Abstract

Abstract A set of eight genomic simple sequence repeat (SSR), 10 expressed sequences tag (EST)-derived SSR and 10 EST-derived single nucleotide polymorphism (SNP) markers were analyzed on two wild and three cultured Pacific oyster (Crassostrea gigas Thunberg) populations to access their applicability for population genetic studies. Genomic SSR markers were found to be the most polymorphic, with an average PIC value of 0.870, higher than EST–SSRs (0.721) and SNPs (0.346). The Nei's gene diversity (HE) per locus for the genomic SSRs ranged from 0.821 to 0.936 (mean HE = 0.882), while that of the EST–SSRs ranged from 0.624 to 0.825 (mean HE = 0.755) and that of the EST–SNPs ranged from 0.372 to 0.499 (mean HE = 0.448). No significant differences in the number of alleles, HE and PIC values were identified between the wild and cultured populations in terms of all three types of markers.

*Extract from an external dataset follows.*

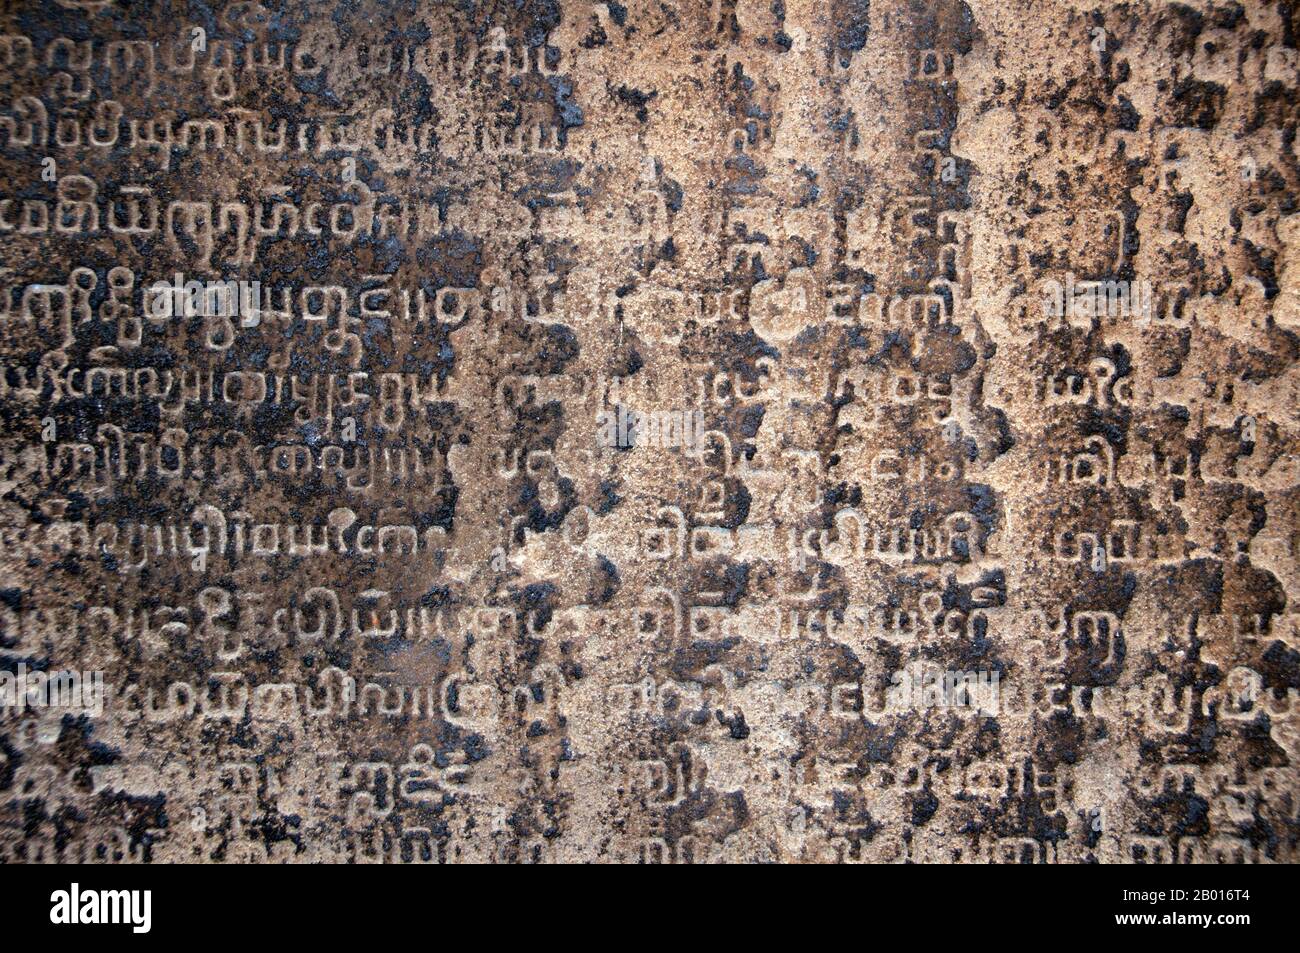 Thailandia: Pietre di Iscrizione Lanna, sala di Iscrizione, Museo Nazionale Haripunchai, Lamphun. Lo script Tai Tham, noto anche come script Lanna, è utilizzato per tre lingue viventi: La Tailandese settentrionale (cioè, Kam Mueang), Tai Lü e Khün. Inoltre, lo script Lanna è utilizzato anche per Lao Tham (o vecchio Lao) e altre varianti dialettali in foglie di palma buddista e taccuini. Lo script è noto anche come script Tham o Yuan. Lamphun fu la capitale del piccolo ma culturalmente ricco Regno Mon di Haripunchai da circa il 750 d.C. al tempo della sua conquista da parte del re Mangrai nel 1281. Foto Stock

The effective marker index (EMI) was the highest (0.653) for the genomic SSR markers and the lowest (0.346) for the SNP markers, while the EST–SSR markers had an intermediate EMI (0.541). Comparable population pairwise estimates of FST were obtained for all marker types, but while the absolute values for the genomic and EST–SSRs were similar (FST = 0.041 and 0.032, respectively), the differentiation level was higher for EST–SNPs in pairwise and global comparisons (global EST–SNPs FST = 0.077). The dendrogram of the combined dataset, based on the shared-allele distance among populations, classified the wild and cultured population into two major clusters. Our results suggest 1) that genomic SSRs and EST–SSRs are more suitable for routine genetic diversity analysis than are EST–SNPs, and 2) that EST–SSR markers represent a useful addition to the tools available for population genetic analysis, particularly for aquaculture species with existing EST databases.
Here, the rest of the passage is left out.